Get the lengths of the inputs after the convolution operation is applied.

Parameters:

Name	Type	Description	Default
`lengths`	`Tensor`	Original lengths of the inputs	required

Returns:

Type	Description
`Tensor`	Resulting lengths after the convolution

Source code in thunder/quartznet/blocks.py

def get_seq_len(self, lengths: torch.Tensor) -> torch.Tensor:
    """Get the lengths of the inputs after the convolution operation is applied.
    Args:
        lengths: Original lengths of the inputs
    Returns:
        Resulting lengths after the convolution
    """
    return (
        torch.div(
            lengths + 2 * self.padding - self.dilation * (self.kernel_size - 1) - 1,
            self.stride,
            rounding_mode="floor",
        )
        + 1
    )

`mask_fill(self, x, lengths)`

Mask the input based on it's respective lengths.

Parameters:

Name	Type	Description	Default
`x`	`Tensor`	Signal to be processed, of shape (batch, features, time)	required
`lengths`	`Tensor`	Lenghts of each element in the batch of x, with shape (batch)	required

Returns:

Type	Description
`Tensor`	The masked signal

Source code in thunder/quartznet/blocks.py

def mask_fill(self, x: torch.Tensor, lengths: torch.Tensor) -> torch.Tensor:
    """Mask the input based on it's respective lengths.
    Args:
        x: Signal to be processed, of shape (batch, features, time)
        lengths: Lenghts of each element in the batch of x, with shape (batch)
    Returns:
        The masked signal
    """
    mask = lengths_to_mask(lengths, x.shape[-1])
    return x.masked_fill(~mask.unsqueeze(1), 0)

`QuartznetBlock (Module)`

Source code in thunder/quartznet/blocks.py

class QuartznetBlock(nn.Module):
    def __init__(
        self,
        in_channels: int,
        out_channels: int,
        repeat: int = 5,
        kernel_size: _size_1_t = (11,),
        stride: _size_1_t = (1,),
        dilation: _size_1_t = (1,),
        dropout: float = 0.0,
        residual: bool = True,
        separable: bool = False,
    ):
        """Quartznet block. This is a refactoring of the Jasperblock present on the NeMo toolkit,
        but simplified to only support the new quartznet model. Biggest change is that
        dense residual used on Jasper is not supported here, and masked convolutions were also removed.

        Args:
            in_channels: Number of input channels
            out_channels: Number of output channels
            repeat: Repetitions inside block.
            kernel_size: Kernel size.
            stride: Stride of each repetition.
            dilation: Dilation of each repetition.
            dropout: Dropout used before each activation.
            residual: Controls the use of residual connection.
            separable: Controls the use of separable convolutions.
        """
        super().__init__()

        padding_val = get_same_padding(kernel_size[0], stride[0], dilation[0])

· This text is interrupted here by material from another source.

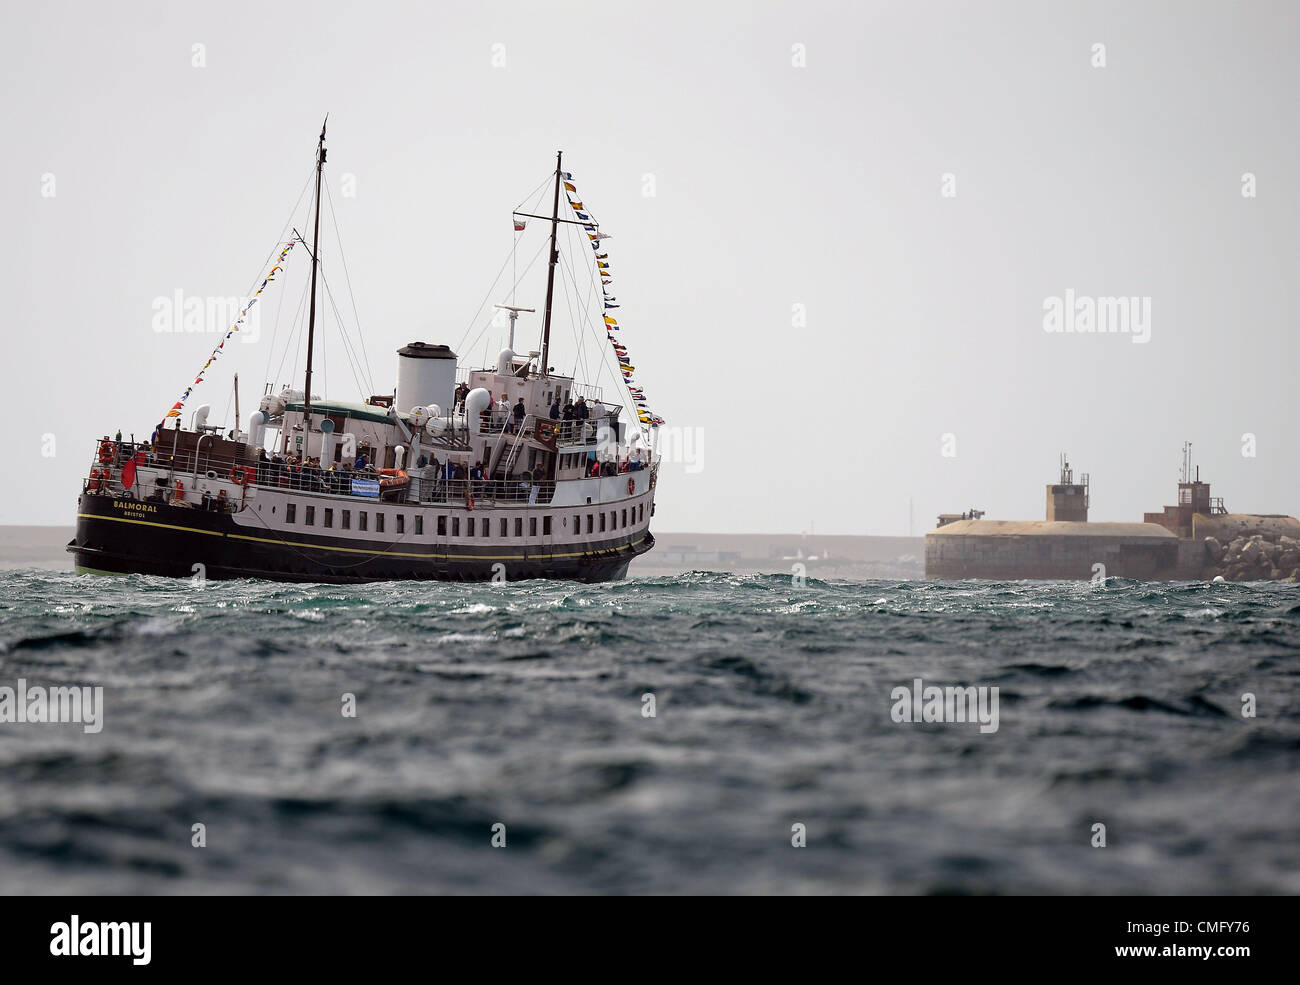 Klassisches Kreuzfahrtschiff Balmoral 4. August 2012 Bild: DORSET MEDIA SERVICE Stockfoto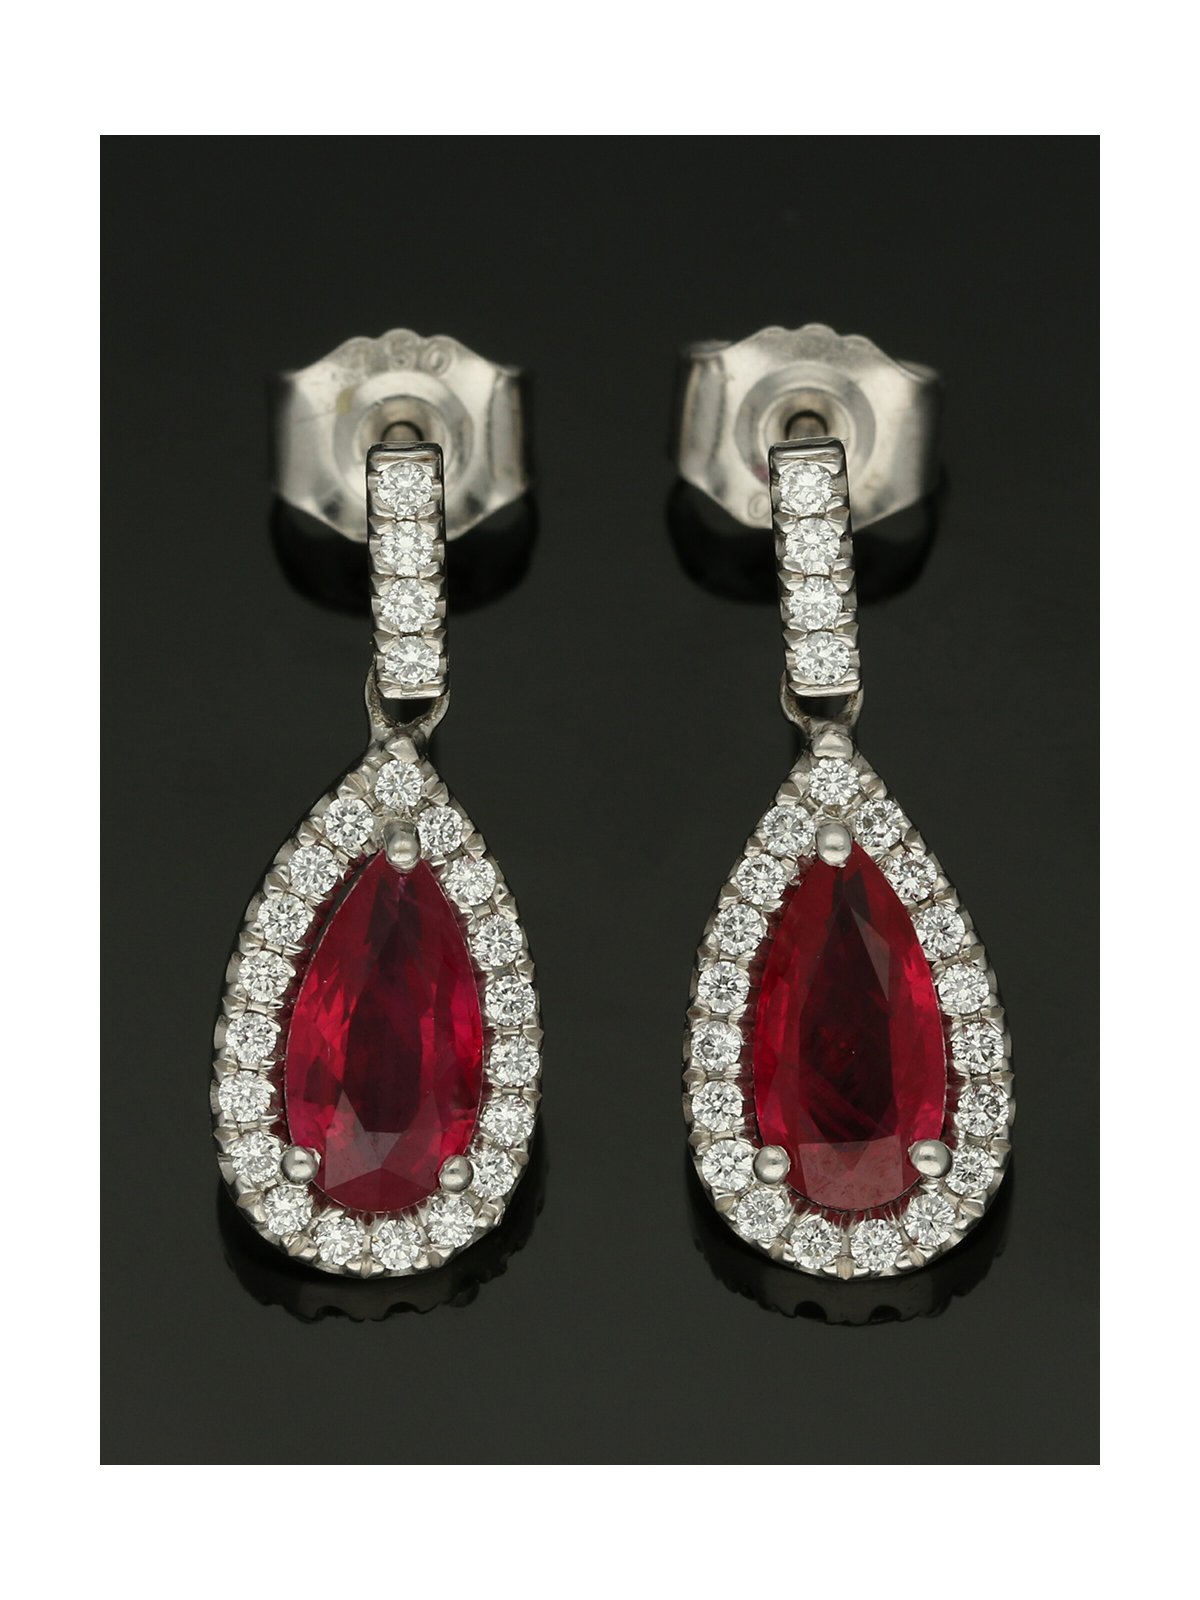 Ruby & Diamond Pear Cluster Drop Earrings in 18ct White Gold

        inplanes_loop = in_channels
        conv = []

        for _ in range(repeat - 1):

            conv.extend(
                _get_conv_bn_layer(
                    inplanes_loop,
                    out_channels,
                    kernel_size=kernel_size,
                    stride=stride,
                    dilation=dilation,
                    padding=padding_val,
                    separable=separable,
                    bias=False,
                )
            )

            conv.extend(_get_act_dropout_layer(drop_prob=dropout))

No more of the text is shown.